Boosting European Competitiveness

The Role of CESEE Countries

Edited by Marek Belka, Ewald Nowotny, Pawel Samecki and Doris Ritzberger-Grünwald

In the global financial crisis, competitiveness gaps between Euro area countries caused additional strain. This book discusses the various dimensions of competitiveness, with a special focus on Central, Eastern and Southeastern Europe. With products becoming ever more technically sophisticated and global interconnectedness on a relentless rise, quality, customer orientation and participation in production networks are as important as relative costs and prices. For Europe to proceed with convergence and to resist global competitive pressures, policies to boost productivity and innovation are therefore vital.

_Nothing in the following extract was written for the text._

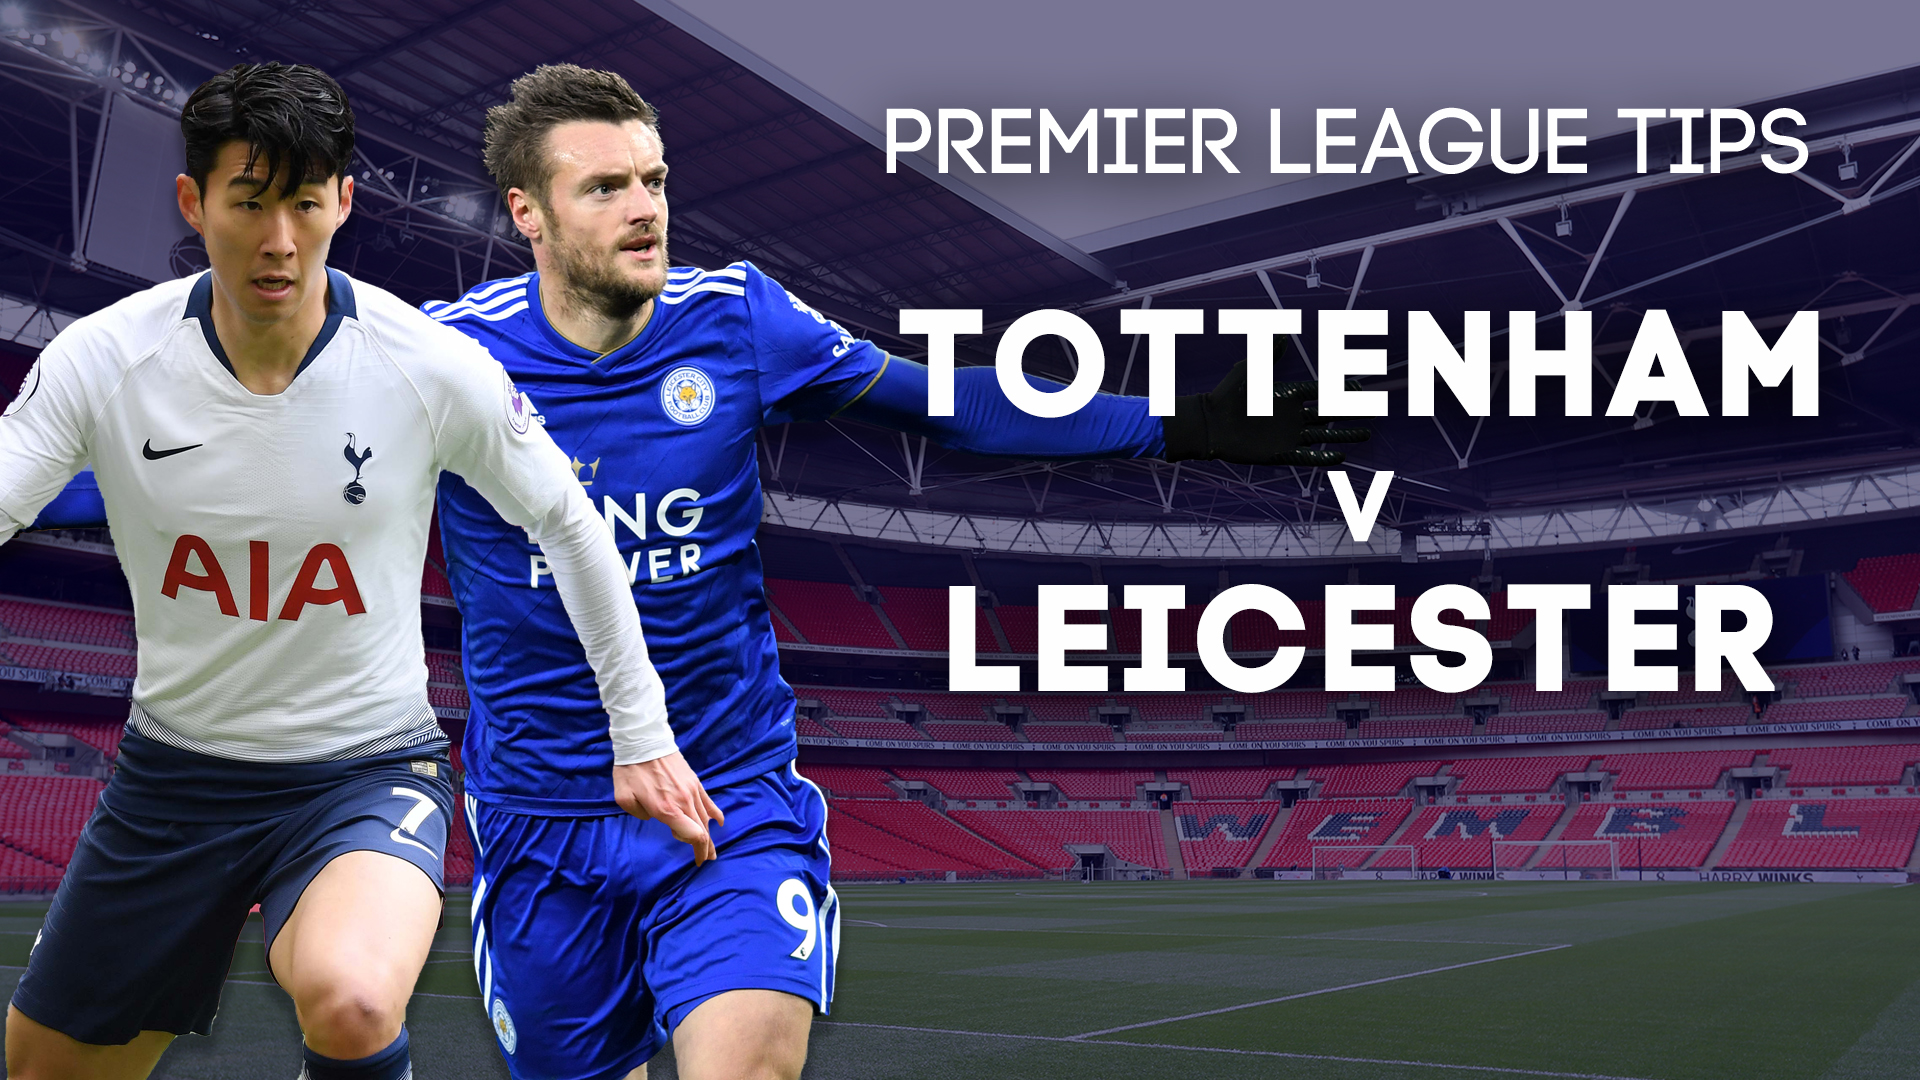 Tottenham Hotspur v Leicester City preview: Prediction, free Premier League tips, best bets and RequestABet options for game at Wembley

Chapter 8: EU structural policies today: missing piece of the growth puzzle, or wishful thinking?

Brian Pinto

Subjects: economics and finance, financial economics and regulation, international economics, money and banking


With monetary and fiscal policy reaching their limits, attention has turned to structural reform as the missing piece of the Eurozone growth puzzle. But the emerging market experience shows that structural reform typically entails upfront output and dislocation costs, which need fiscal space for absorption. Besides, benefits take time to materialize. Therefore, the euro zone debt overhang may have to be resolved before structural reforms can deliver on growth. In contrast, Central, Eastern and South-Eastern Europe (CESEE) is well positioned to benefit from structural reform, being far from global technological frontier, and with a limited or no debt overhang.